Contrast Sensitivity in Patients with Beta-Thalassemia Major and Sickle Cell Disease Under Regular Transfusions and Treatment with Desferrioxamine
Spyridon Gorezis *, 1 , Ioannis Asproudis2, Nikolaos Chalasios3, Aikaterini Karali3, Elena Tsanou1, Dimitrios Peschos4, Aikaterini Christodoulou2, Miltiadis Aspiotis2
Identifiers and Pagination:Year: 2010
First Page: 39
Last Page: 41
Publisher ID: TOOPHTJ-4-39
Article History:Received Date: 14/1/2010
Revision Received Date: 22/1/2010
Acceptance Date: 25/3/2010
Electronic publication date: 29/7/2010
Collection year: 2010
open-access license: This is an open access article licensed under the terms of the Creative Commons Attribution Non-Commercial License (http://creativecommons.org/licenses/by-nc/3.0/) which permits unrestricted, non-commercial use, distribution and reproduction in any medium, provided the work is properly cited.
Evaluation of contrast sensitivity in patients with beta-thalassemia major and sickle cell disease which undergo regular transfusions and chelation therapy with desferrioxamine (DFX).
Materials and Methods:
We studied contrast sensitivity in 48 eyes (24 patients) with beta-thalassemia major (group A) and in 42 eyes (21 patients) with sickle cell disease (group B), compared to 60 eyes of 30 healthy individuals (control group). Contrast sensitivity was measured using B-VAT II-SG Mentor Video Aquity Tester.

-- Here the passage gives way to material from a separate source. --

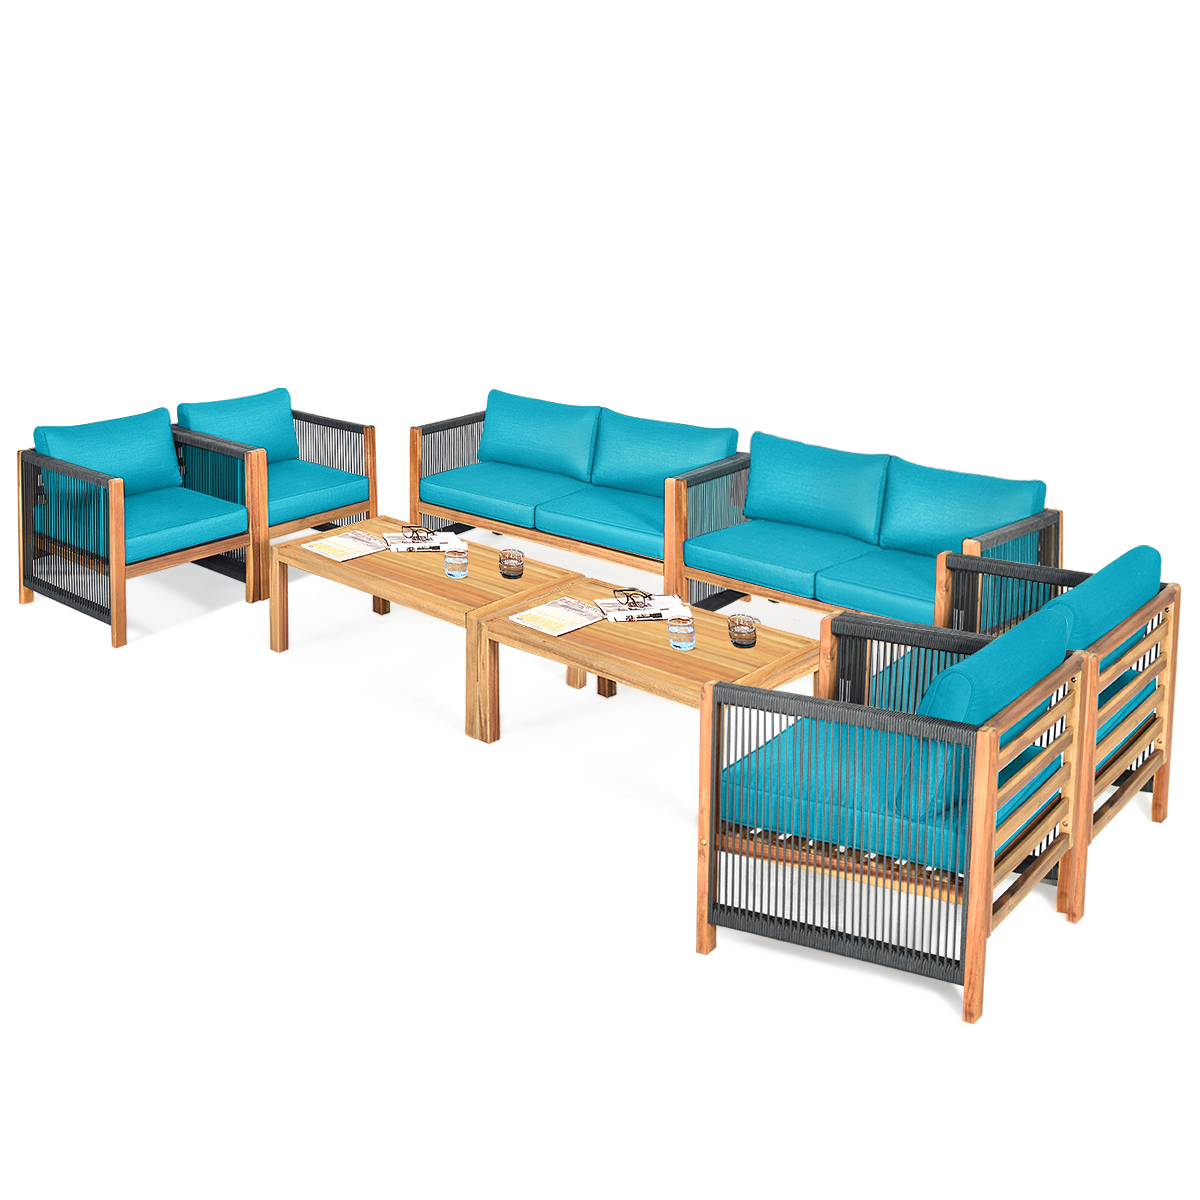 Patiojoy 8-Piece Outdoor Patio Wood Conversation Furniture Set Padded Chair with Coffee Table Turquoise - image 1 of 5

We found no statistically significant difference between group A and group B in any spatial frequency, while we found statistically significant differences between group B and control group in all spatial frequencies studied. Between group A and control group we found statistically significant differences in spatial frequencies of 2.3, and 6 cyc/deg.
DFX causes retinal alterations that may explain reductions in contrast sensitivity function and justifies regular evaluations that may allow early detection of visual function deterioration.